Jennie de la Montagnie Lozier (1841 – August 6, 1915) was an American physician. At the age of nineteen, she began to teach, becoming an instructor in languages and literature in Hillsdale College. Returning to New York City in 1872, she married Abraham Witton Lozier, Jr., the son of Clemence Sophia Harned Lozier, who was the founder and dean of the New York Medical College and Hospital for Women. Here, she studied medicine and after receiving her medical degree, became a professor of physiology. She served on the hospital staff for twelve years and retired from professional work in 1890 to devote herself to her domestic, social, and educational interests. She was a delegate to the International Homoeopathic Congress in Paris in 1889 and was president of Sorosis Club from 1891–94.

Early life and education
Jeanne "Jennie" de la Montagnie was born in New York in 1841- or ca. 1850 - and was a lifelong resident of that city. Her father was William de la Montagnie, Jr.  Her ancestors were Dutch and French Huguenots who settled there as early as 1633. Born and raised in the old seventh ward of New York, she received an extensive, liberal education, which included languages and science. In her early adulthood, she matriculated at Rutgers Female Institute (later, Rutgers Female College), of which she became a trustee and which conferred upon her its Doctor of Science degree in 1891.

Career

After her graduation, she traveled in the West Indies. When she was nineteen years old, she began to teach and became a professor teaching language and literature courses at Hillsdale College in Hillsdale, Michigan. Thereafter, she was elected vice-principal of its women's department. Returning to New York in 1872, she married the only son of her lifelong friend Clemence S. Lozier, A.W. Lozier. Consequently, the young college professor became the head of a family simultaneously since her new husband had been a widower and had two children by his first wife. 

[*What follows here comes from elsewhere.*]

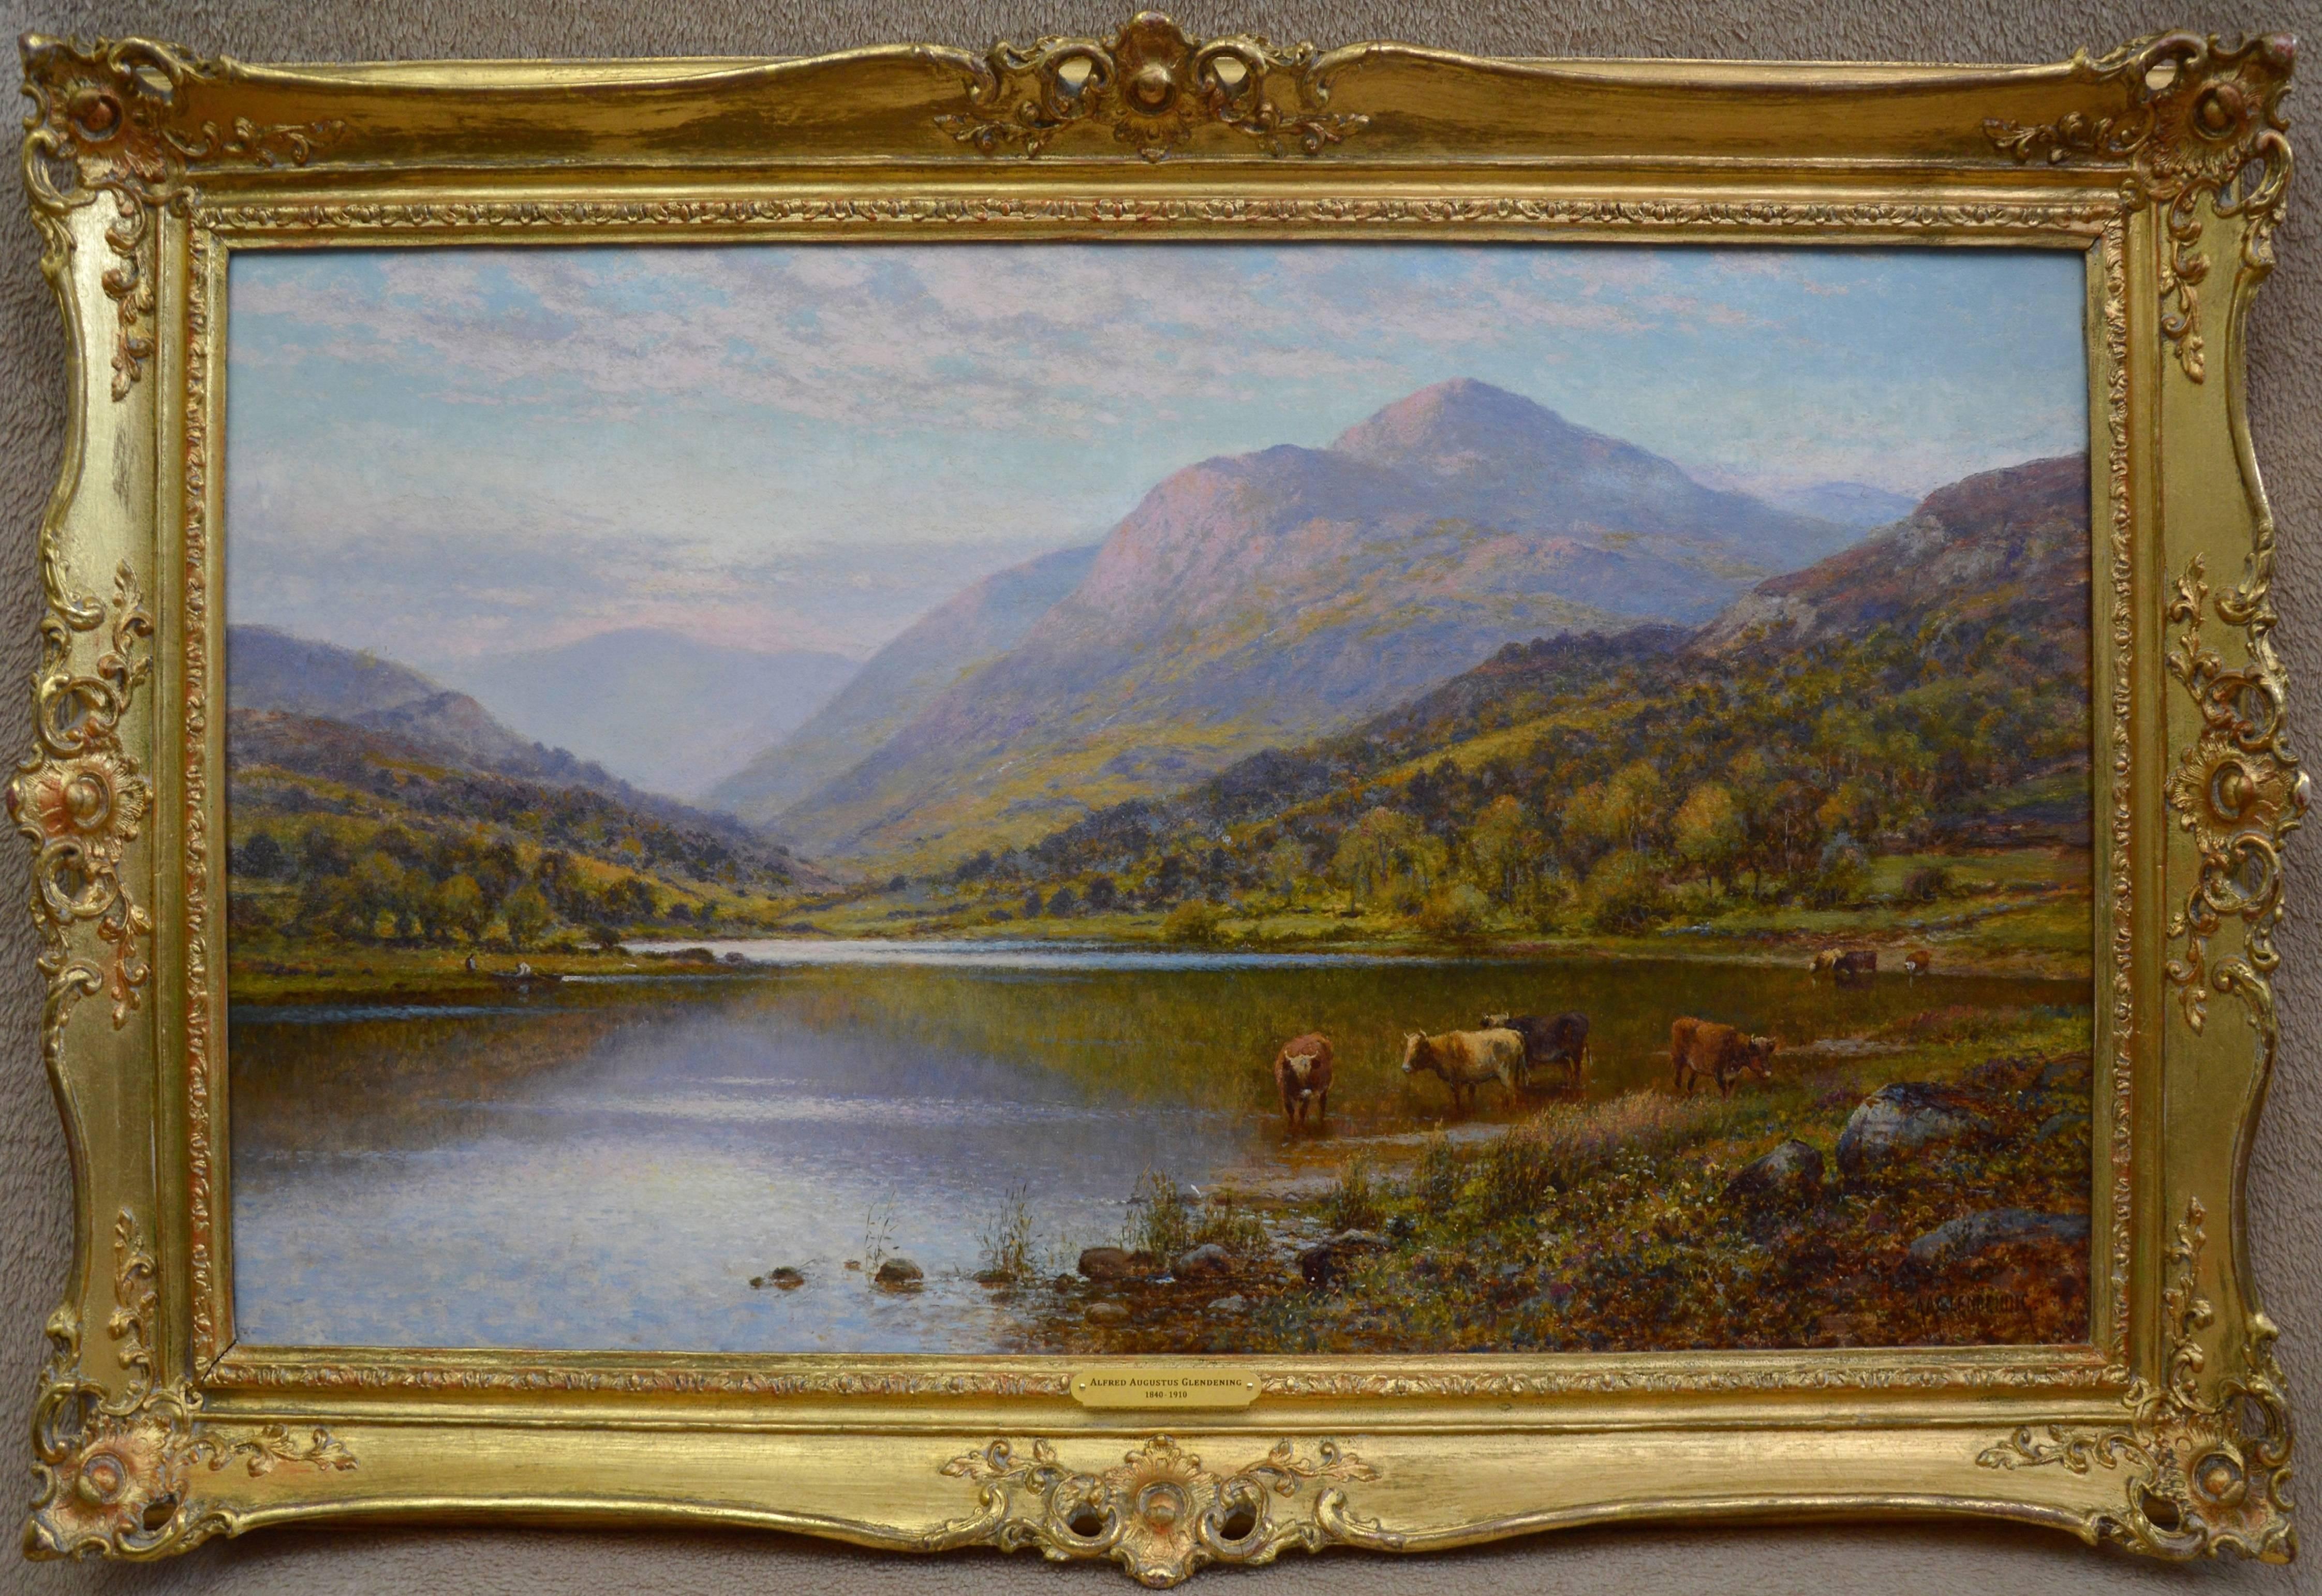 Alfred Augustus Glendening Snr Animal Painting - Scottish Landscape with Highland Cattle - 19th Century Oil Painting - Glendening

She became interested in medicine through her mother-in-law, Clemence S. Lozier, the founder and twenty-five-year dean of the New York Medical College and Hospital for Women. The younger Mrs. Lozier soon  graduated with an M.D. after giving birth to her first and only child. Then, she became a professor of physiology at her alma mater and served on the hospital’s staff. After twelve years of service, she retired from the profession and devoted herself to domestic, social and educational interests.

Just before her retirement, she was invited by the Sorosis Club to give a lecture on "Physical Culture." Sorosis made her one of its members as a result of her work and the forceful speaker became prominent in its councils. In Sorosis, she served as chairman of the committee on science, as chairman of the committee on philanthropy, and as a corresponding secretary. She was even  elected the club’s president in 1891 and 1892. In 1892, she represented them as a delegate to the biennial council of the Federation of Women's Clubs, held in Chicago, May 11–13. There, she read a paper on the "Educational Influence of Women's Clubs."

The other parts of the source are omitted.